We've got to have competitive teacher pay, not just for beginning teachers but also for teachers who have three, four, or five years’ experience, when studies show they are beginning to get very good at their craft. I think that we could be using AI one-on-one tutors right now to help kids learn to read more effectively. I'm a believer in phonics. Iowa did a requirement for phonics, so I think that that's a good change. I was never bought into the whole language idea.

But the vast majority of our conversations around education are about how that ESA program works. What's so interesting to me is the people who are advocates for it, say, ‘Oh, we want school choice.’ Well, I want public oversight of public money, and when you allow private schools to take public money but reject students, then you actually haven't promoted school choice because the school is the one that gets to make the choice.

There are a number of national Democrats who are pushing your party to embrace school choice, even vouchers, and to distance itself from teachers unions.
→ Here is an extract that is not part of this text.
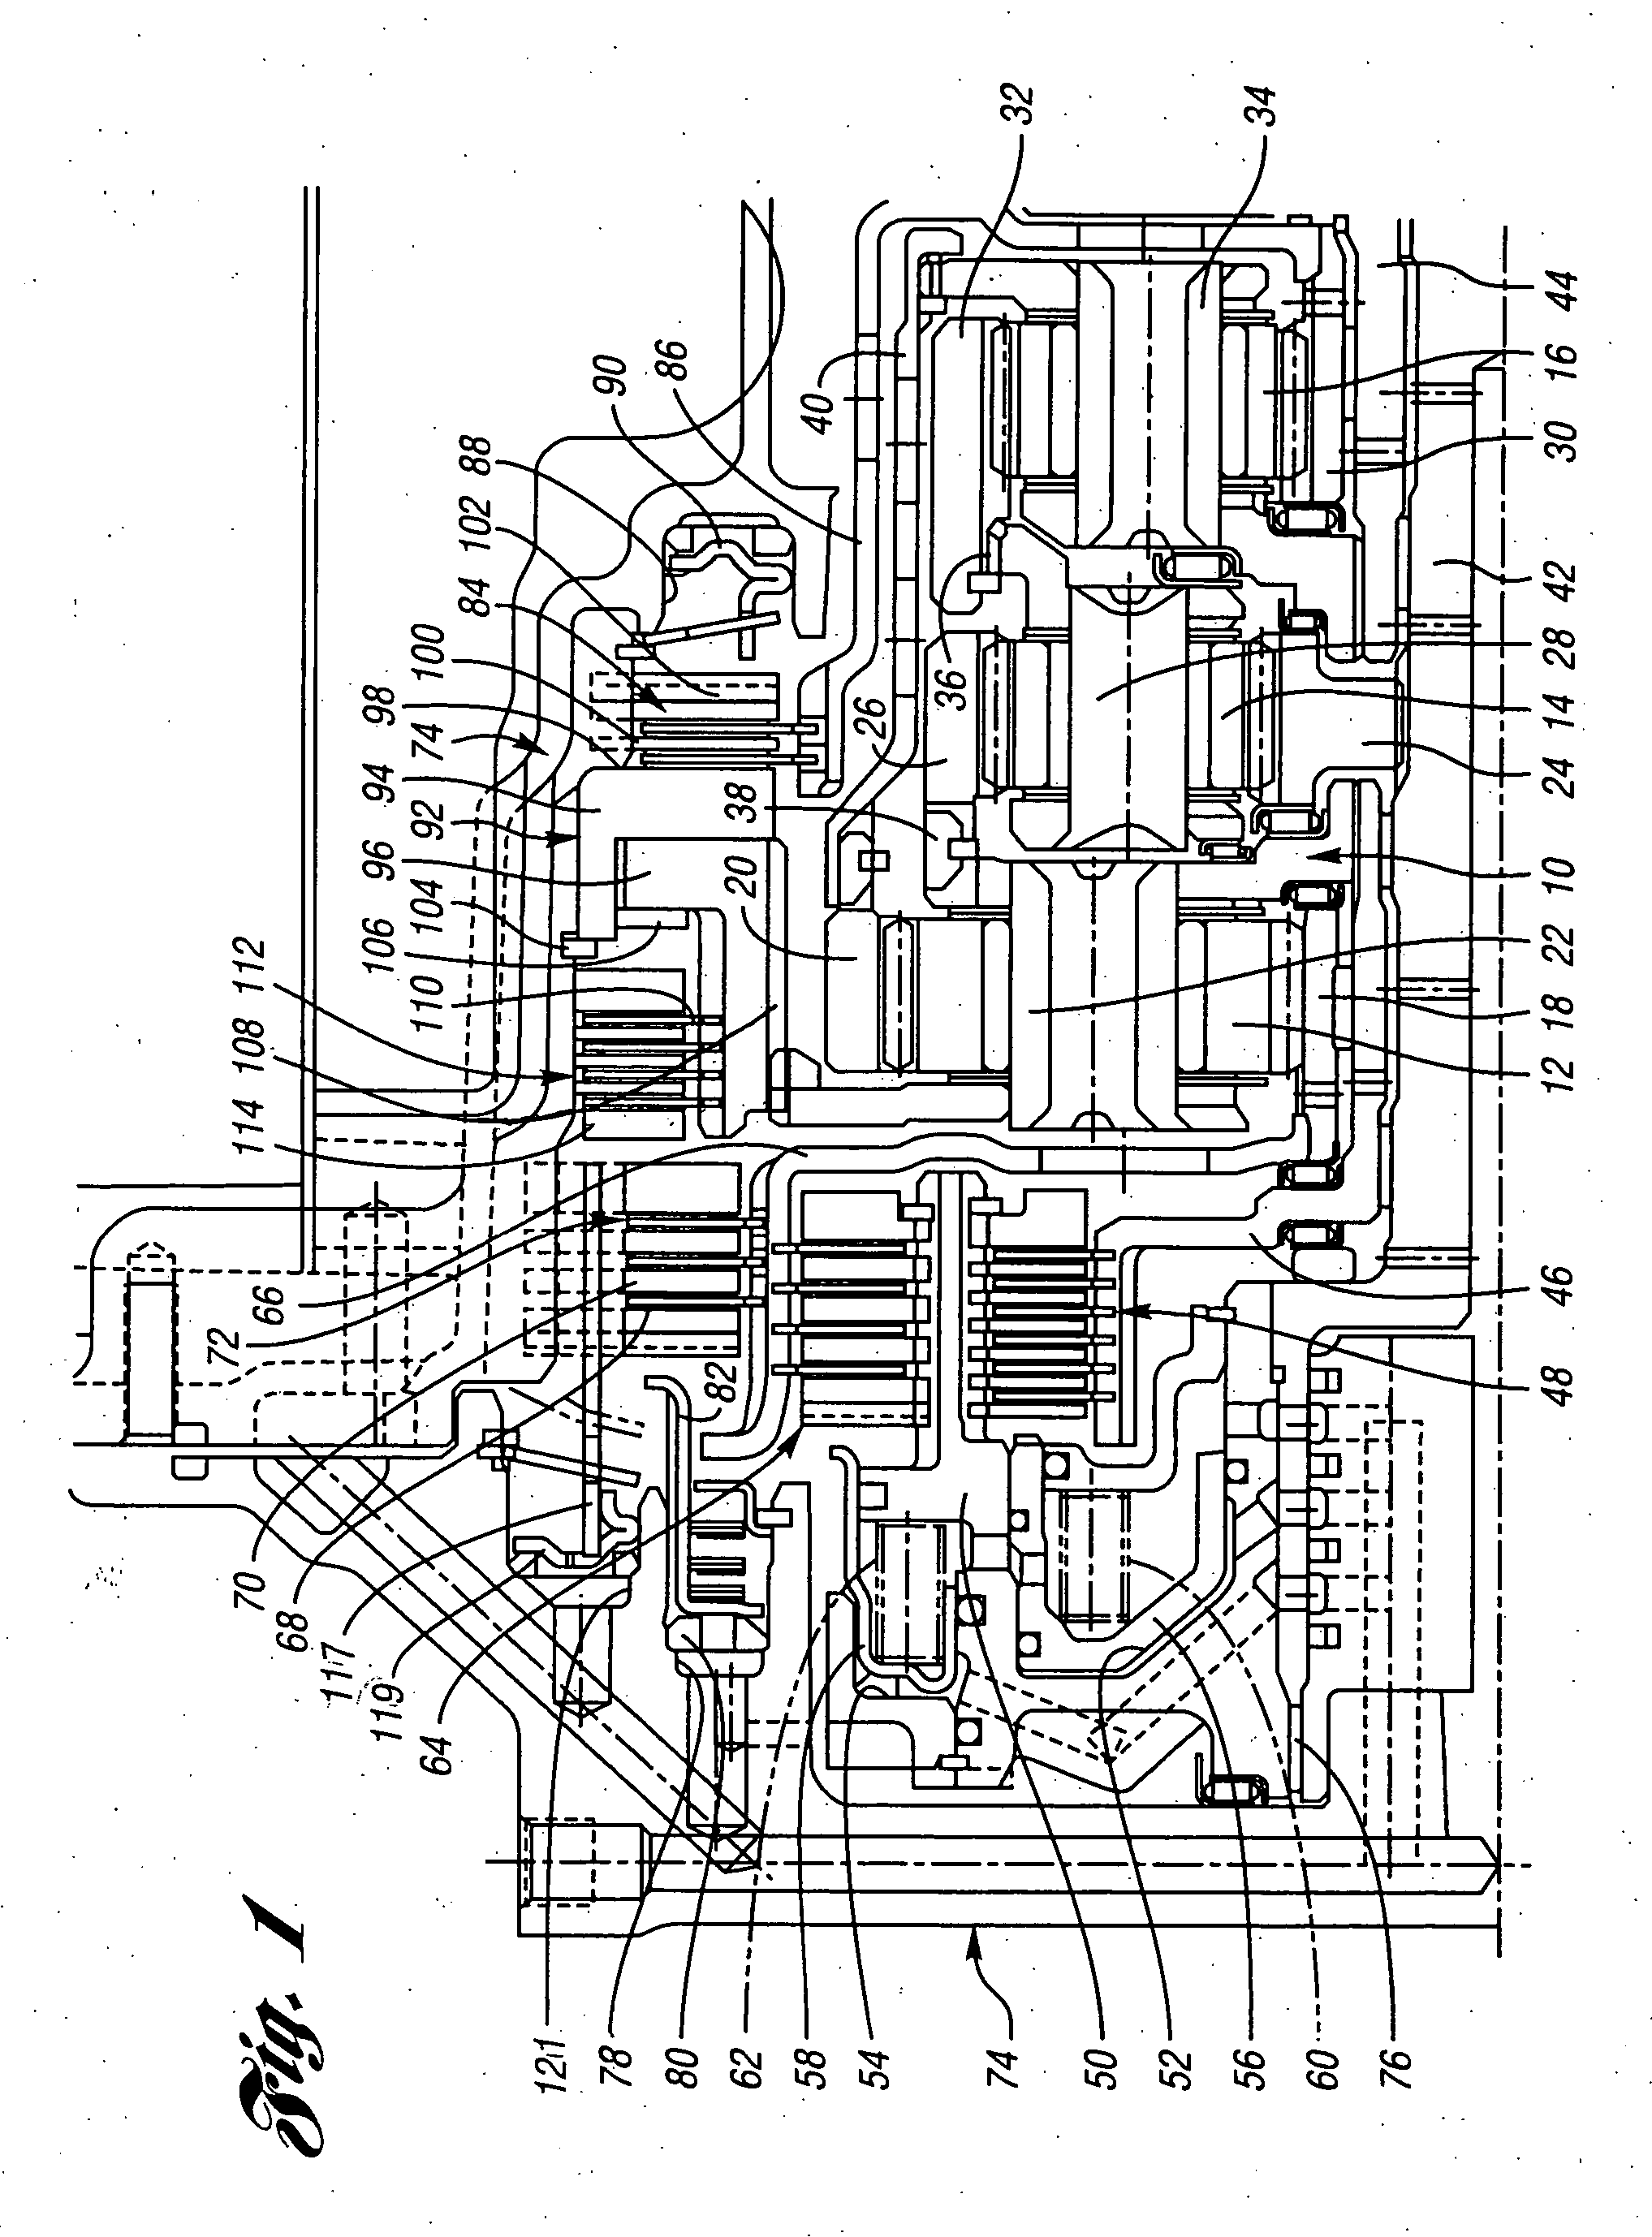 Planar coupling assembly for an automatic transmission

What do you think of that advice?

I know there are people out there like that. I haven't been paying much attention to it. Specifics matter. Each program is different. I will continue to talk about the ways in which I think Iowa's program is an invitation to fraud and doesn't actually promote school choice. [Doe, the Iowa education spokesperson, said Sand’s office’s audit “identified zero financial discrepancies, once again affirming the Department’s responsible stewardship of taxpayer funds.”]

I'm proud to have the [Iowa teachers union’s] endorsement. But I'd say what I say to every other group: I'm independent-minded. You're not going to get 100% of what you want from me, because there's nobody that I agree with 100% of the time.

What do you disagree with teachers unions on?

That's a better question for a different time. I'd have to go through what their wish list would be here in the state. I'm just making a point in general.

If you were governor, would you participate in the federal tax-credit school scholarship program?

I don't think I have been following that one. 

Do you consider yourself a fiscal conservative?

Yeah, I mean to me the phrase that's more important is fiscal responsibility. But I'm open-minded to the importance of making investments that are going to pay off. Oh — you asked about what else we want to do for public education. I want universal early childhood education. If you just did income restrictions in the school vouchers program, you could fund early childhood education [for more students]. To me, that's money that is well invested.